Any time we reply to NBD_CMD_READ or NBD_CMD_BLOCK_STATUS, we end up
calling conn->send() more than once. Now that we've disabled Nagle's
algorithm, this implies that we try harder to send the small header
immediately, rather than batching it with the rest of the payload,
which causes more overhead in the amount of actual network traffic.
For interfaces that support corking (gnutls, or Linux TCP sockets), we
can give a hint that the separate send() calls should be batched into
a single network packet where practical.
This patch just wires up support; the next one will actually use it
and provide performance measurements.
Signed-off-by: Eric Blake <eblake(a)redhat.com>
---
server/internal.h | 3 +++
server/connections.c | 25 +++++++++++++++++++++++++
server/crypto.c | 19 +++++++++++++++++++
3 files changed, 47 insertions(+)
diff --git a/server/internal.h b/server/internal.h
index 2ee5e23..cb34323 100644
--- a/server/internal.h
+++ b/server/internal.h
@@ -145,6 +145,8 @@ typedef int (*connection_recv_function) (struct connection *,
typedef int (*connection_send_function) (struct connection *,
const void *buf, size_t len)
__attribute__((__nonnull__ (1, 2)));
+typedef int (*connection_cork_function) (struct connection *, bool)
+ __attribute__((__nonnull__ (1)));
typedef void (*connection_close_function) (struct connection *)

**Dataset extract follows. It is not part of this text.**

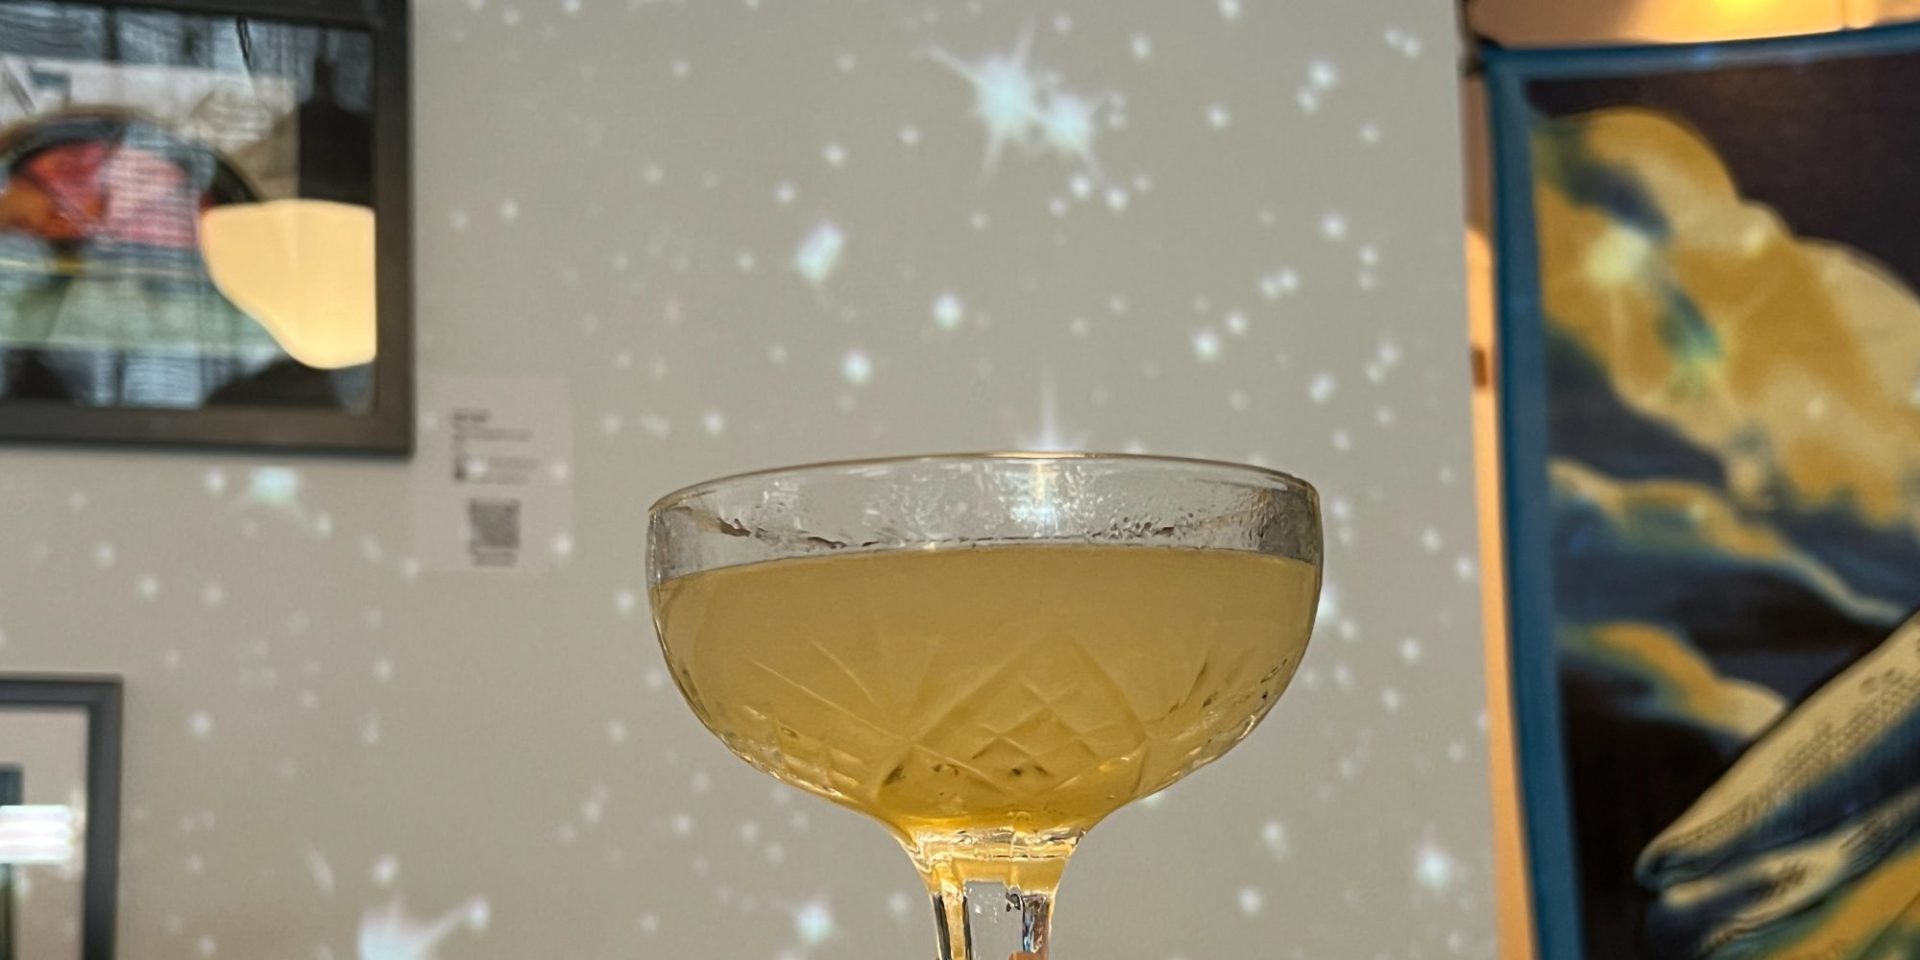 A coupe glass with a golden yellow drink in front of a white wall with projected starbursts.

__attribute__((__nonnull__ (1)));
@@ -180,6 +182,7 @@ struct connection {
int sockin, sockout;
connection_recv_function recv;
connection_send_function send;
+ connection_cork_function cork;
connection_close_function close;
};
diff --git a/server/connections.c b/server/connections.c
index b7d9a6a..9b0b75c 100644
--- a/server/connections.c
+++ b/server/connections.c
@@ -38,6 +38,8 @@
#include <inttypes.h>
#include <string.h>
#include <unistd.h>
+#include <netinet/ip.h>
+#include <netinet/tcp.h>
#include "internal.h"
@@ -51,6 +53,7 @@ static void free_connection (struct connection *conn);
/* Don't call these raw socket functions directly. Use conn->recv etc. */
static int raw_recv (struct connection *, void *buf, size_t len);
static int raw_send (struct connection *, const void *buf, size_t len);
+static int raw_cork (struct connection *conn, bool cork);
static void raw_close (struct connection *);
int
@@ -288,6 +291,15 @@ new_connection (int sockin, int sockout, int nworkers)
conn->send = raw_send;
conn->close = raw_close;
+ /* Install a cork handler, but only if corking works */
+#ifdef TCP_CORK
+ {
+ int opt = 0;
+ if (setsockopt (sockout, IPPROTO_TCP, TCP_CORK, &opt, sizeof opt) == 0)
+ conn->cork = raw_cork;
+ }
+#endif
+
return conn;
}
@@ -344,6 +356,19 @@ raw_send (struct connection *conn, const void *vbuf, size_t len)
return 0;
}
+/* Change the cork status to batch a group of send calls, and either succeed
+ * completely (returns 0) or fail (returns -1).
+ */
+static int
+raw_cork (struct connection *conn, bool cork)
+{
+ int opt = cork;
+
+ /* Ignore failure; new_connection() checked that uncork should work */
+ setsockopt (conn->sockout, IPPROTO_TCP, TCP_CORK, &opt, sizeof opt);
+ return 0;
+}
+
/* Read buffer from conn->sockin and either succeed completely
* (returns > 0), read an EOF (returns 0), or fail (returns -1).
*/
diff --git a/server/crypto.c b/server/crypto.c
index 978a843..e4abca2 100644
--- a/server/crypto.c
+++ b/server/crypto.c
@@ -371,6 +371,24 @@ crypto_send (struct connection *conn, const void *vbuf, size_t len)
return 0;
}
+/* Change the cork status to batch a group of send calls, and either succeed
+ * completely (returns 0) or fail (returns -1).
+ */
+static int
+crypto_cork (struct connection *conn, bool cork)
+{
+ gnutls_session_t session = conn->crypto_session;
+
+ assert (session != NULL);
+
+ if (cork)
+ gnutls_record_cork (session);
+ else if (gnutls_record_uncork (session, GNUTLS_RECORD_WAIT) < 0)
+ return -1;
+
+ return 0;
+}
+
/* There's no place in the NBD protocol to send back errors from
* close, so this function ignores errors.
*/
@@ -504,6 +522,7 @@ crypto_negotiate_tls (struct connection *conn, int sockin, int
sockout)
*/
conn->crypto_session = session;
conn->recv = crypto_recv;
+ conn->cork = crypto_cork;
conn->send = crypto_send;
conn->close = crypto_close;
return 0;
--
2.20.1